[Problem requirements] Strip the pictures and reproduce the rest of the listing exactly.
[Dataset content — start]
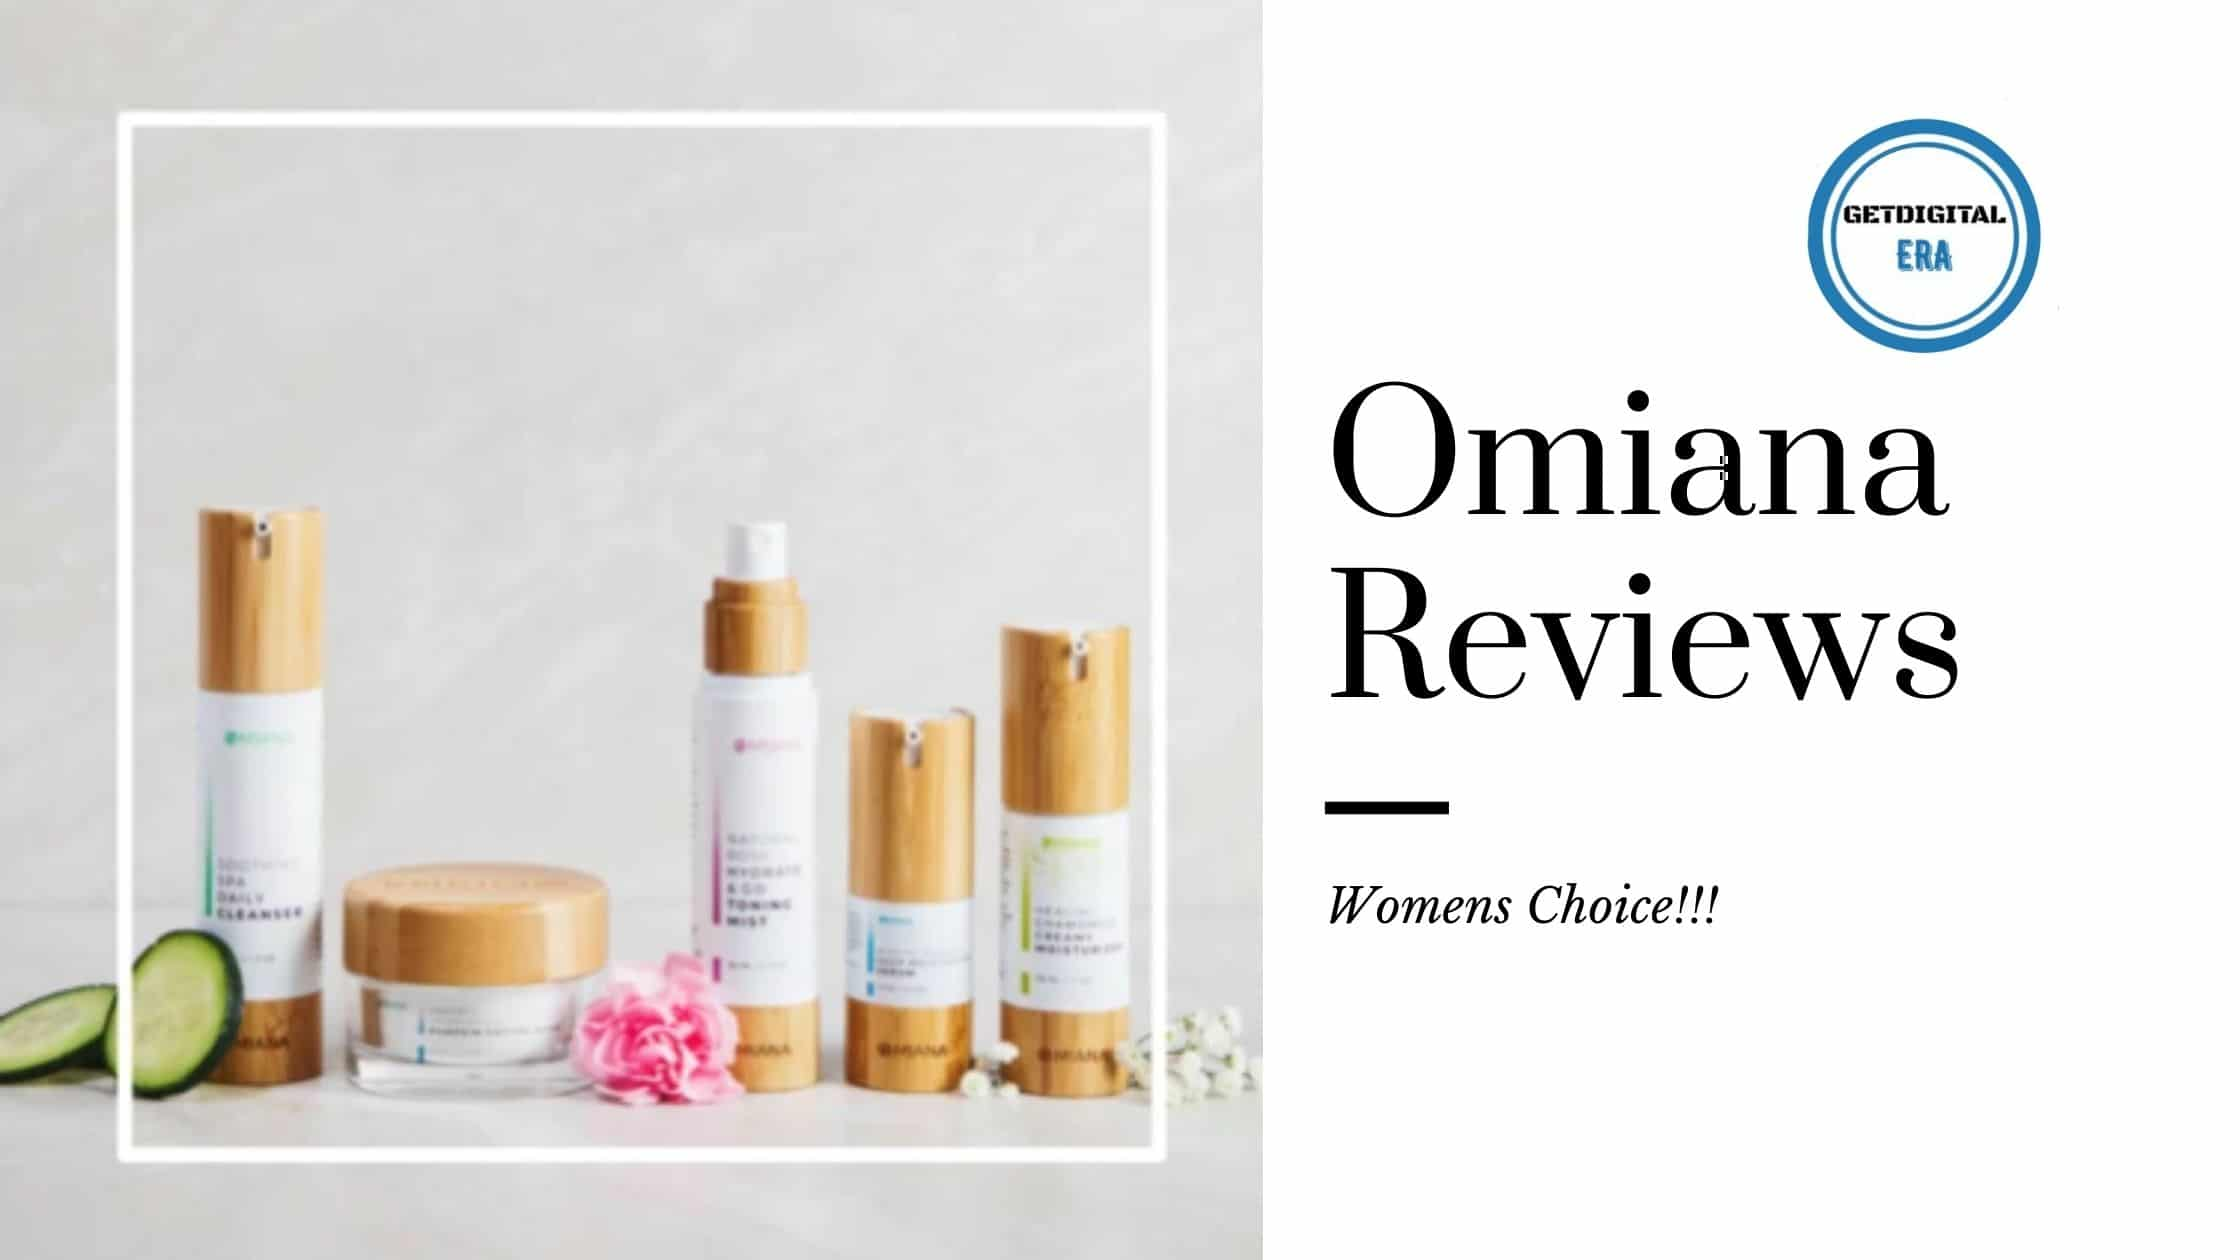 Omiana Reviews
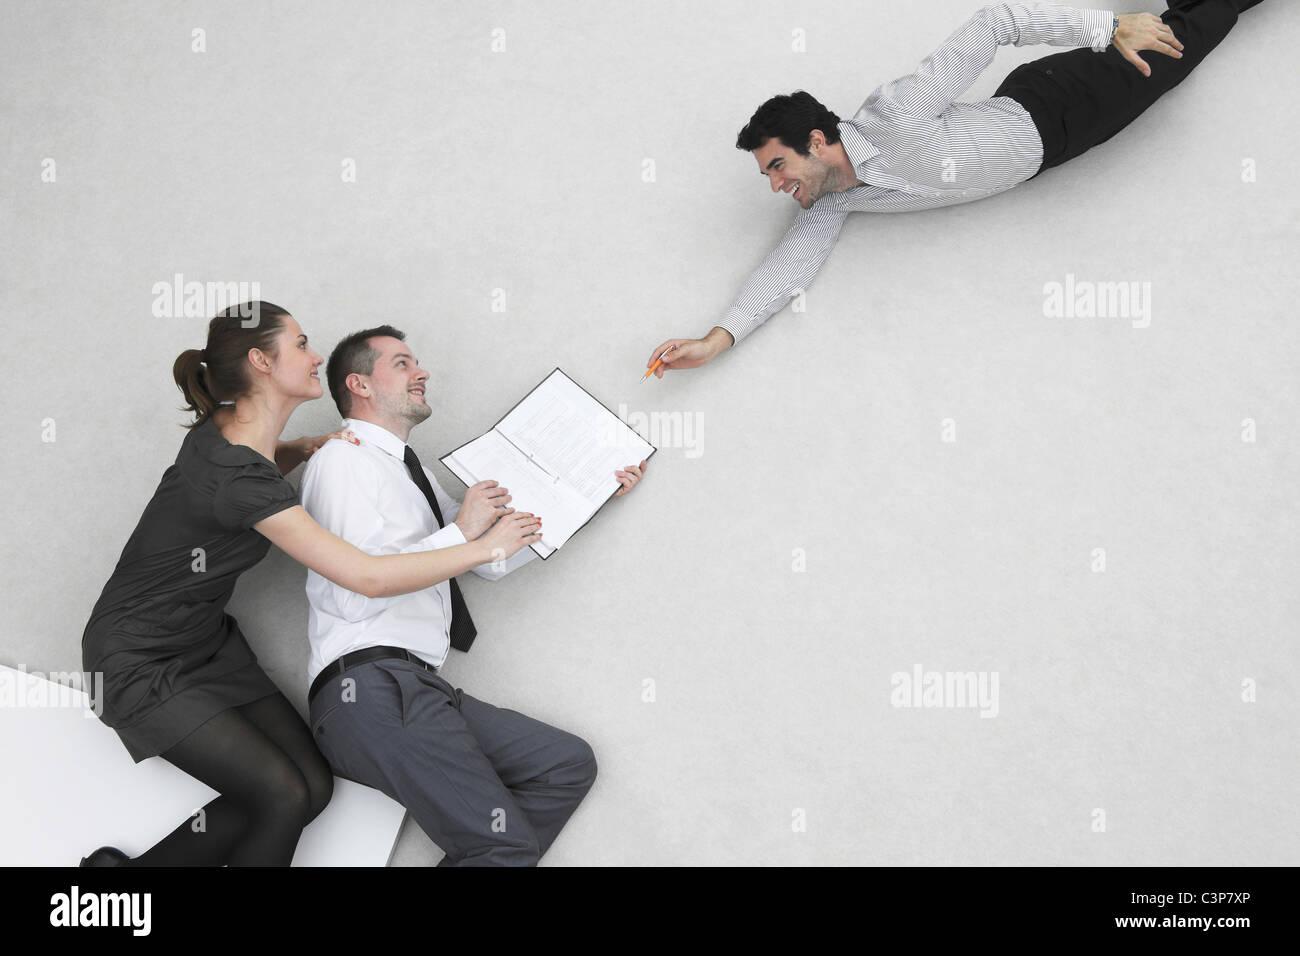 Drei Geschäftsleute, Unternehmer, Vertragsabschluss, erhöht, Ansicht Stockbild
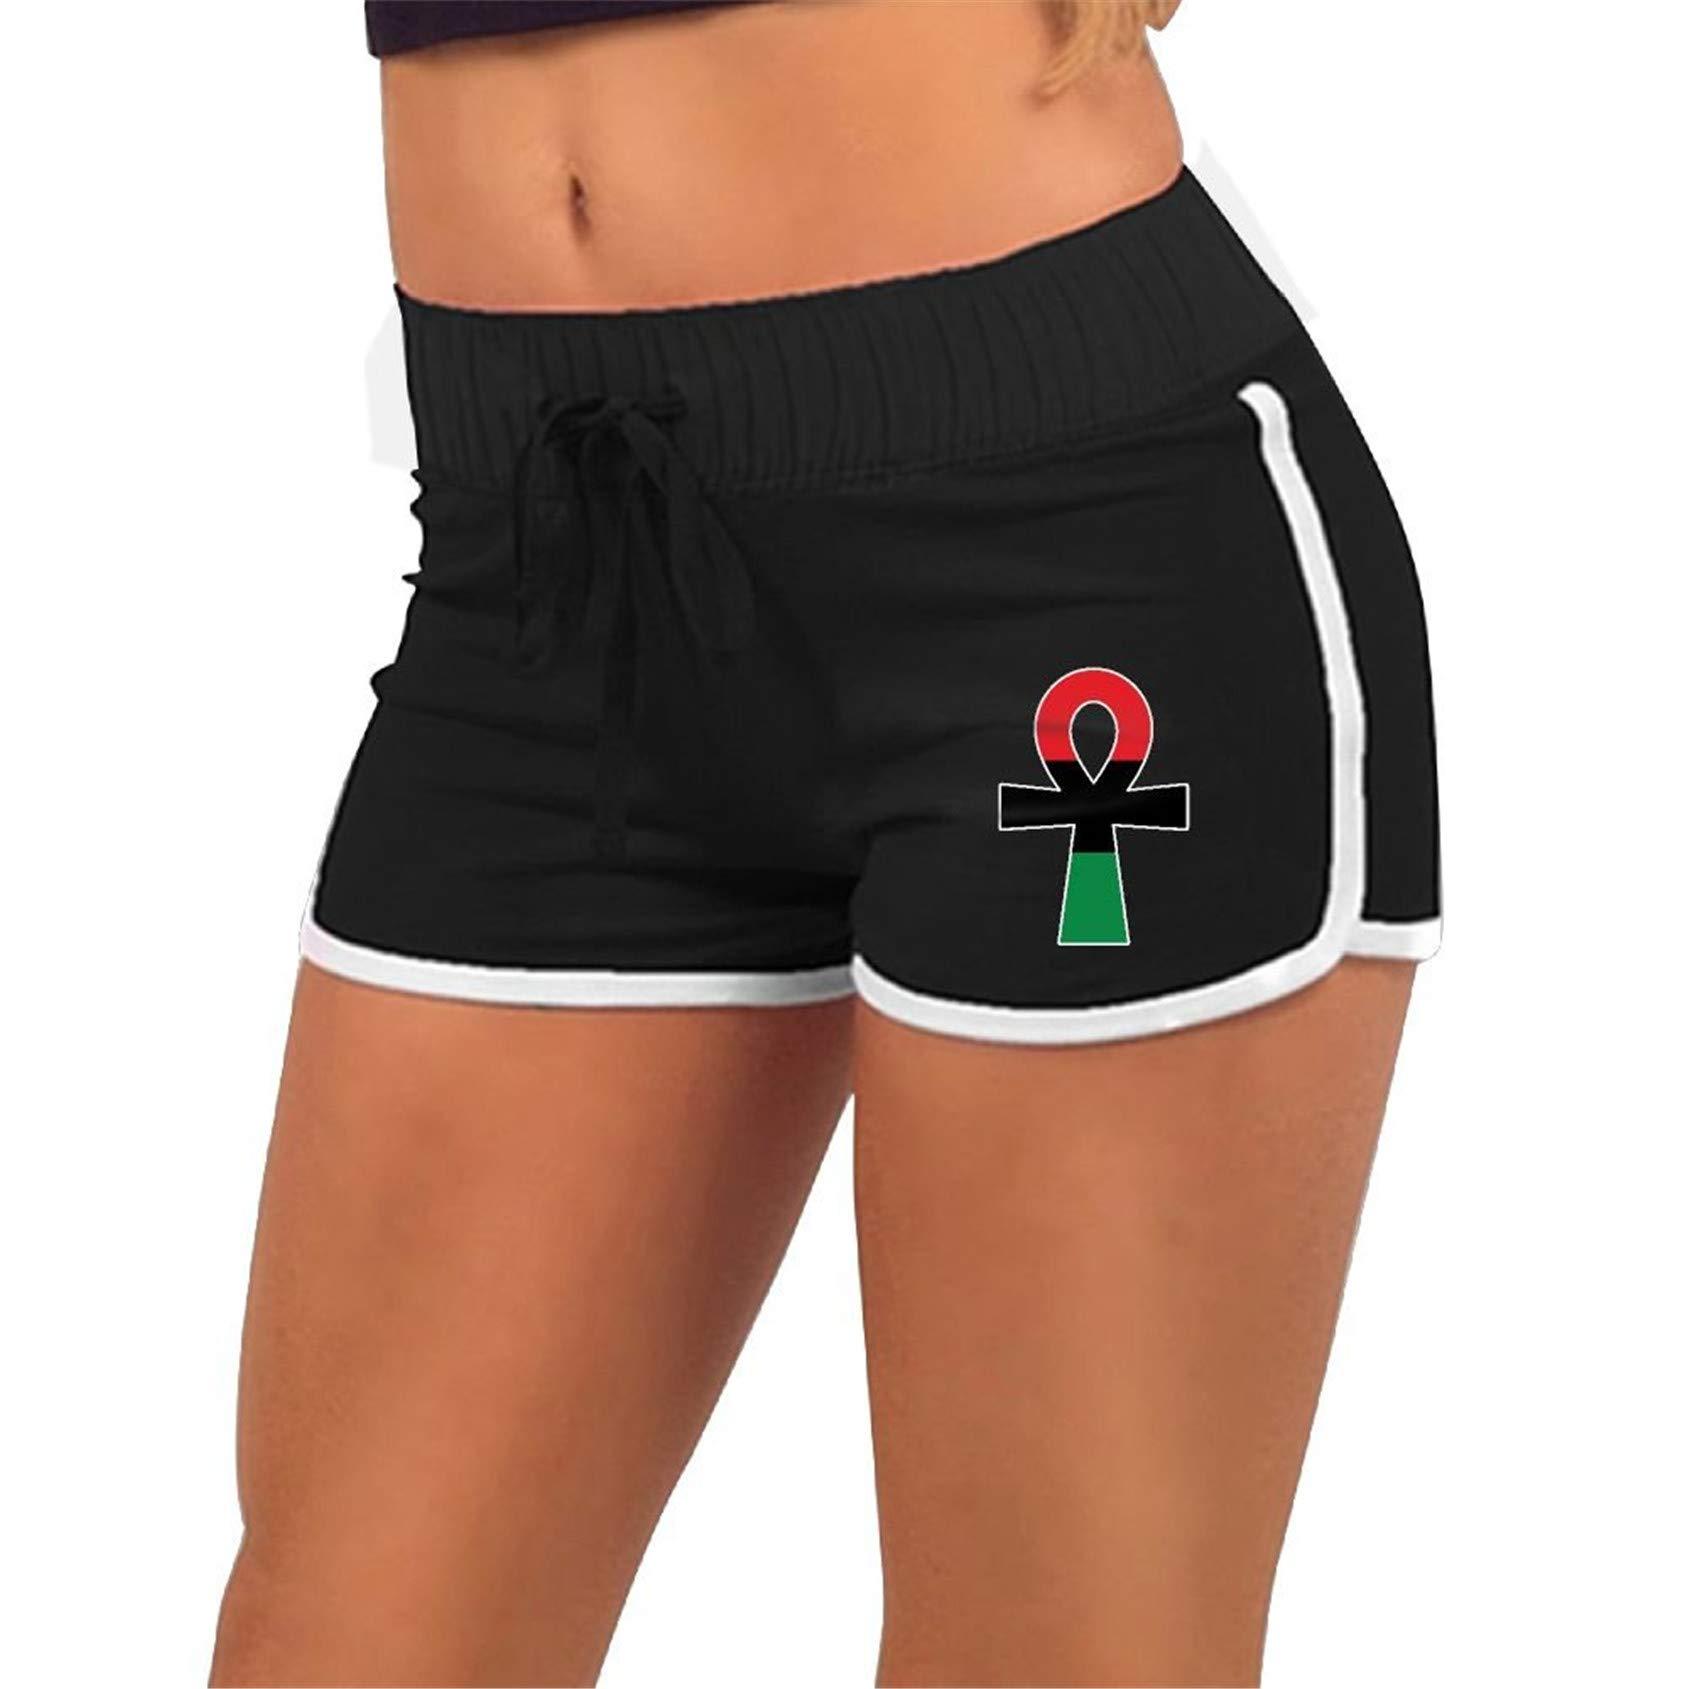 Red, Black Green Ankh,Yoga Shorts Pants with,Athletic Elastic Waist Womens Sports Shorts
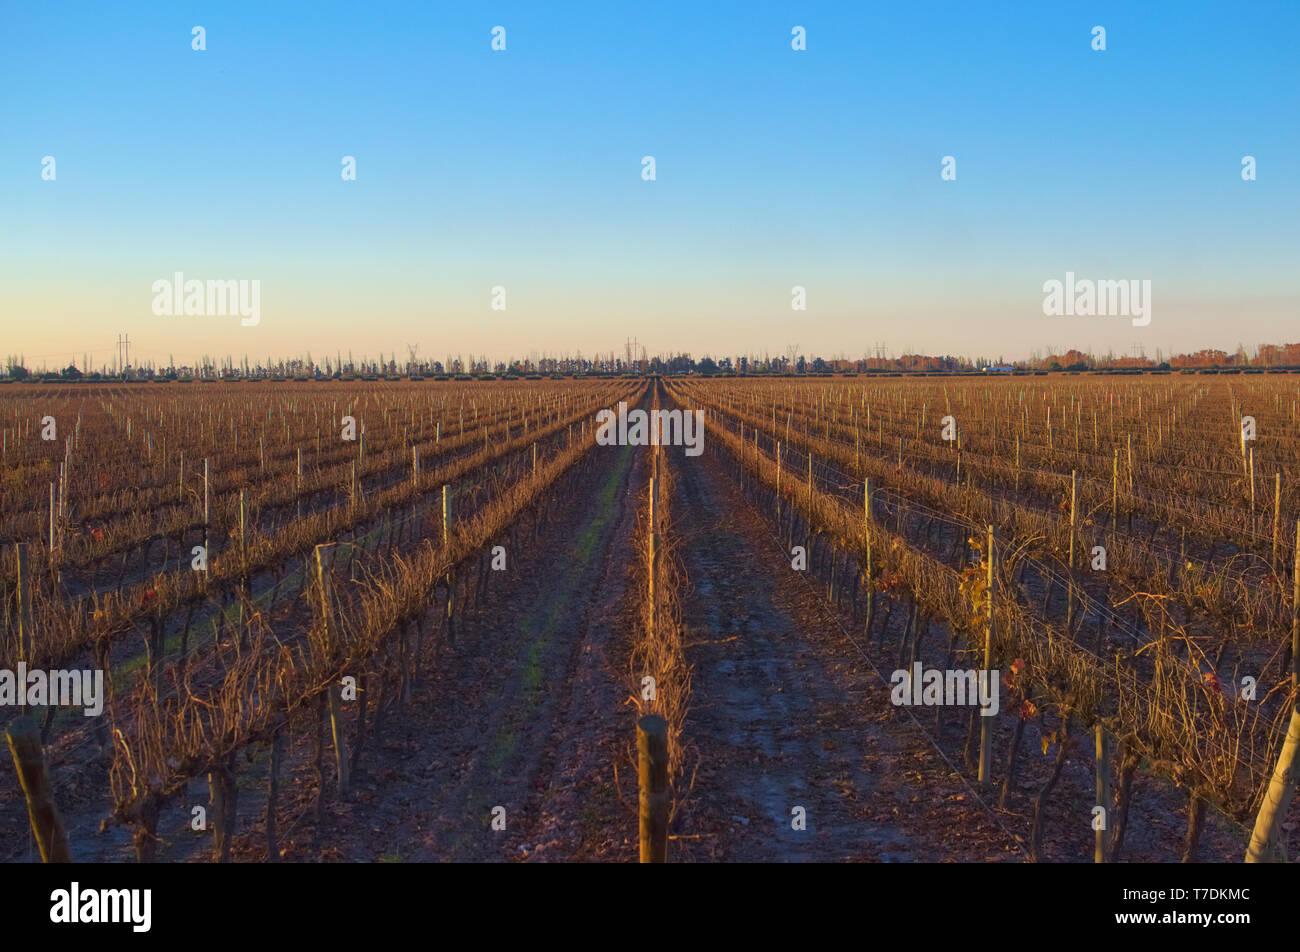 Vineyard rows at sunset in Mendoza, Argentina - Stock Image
[Dataset content — finish]
[Solution for this task]
 Omiana Reviews
 Drei Geschäftsleute, Unternehmer, Vertragsabschluss, erhöht, Ansicht Stockbild
 Red, Black Green Ankh,Yoga Shorts Pants with,Athletic Elastic Waist Womens Sports Shorts
 Vineyard rows at sunset in Mendoza, Argentina - Stock Image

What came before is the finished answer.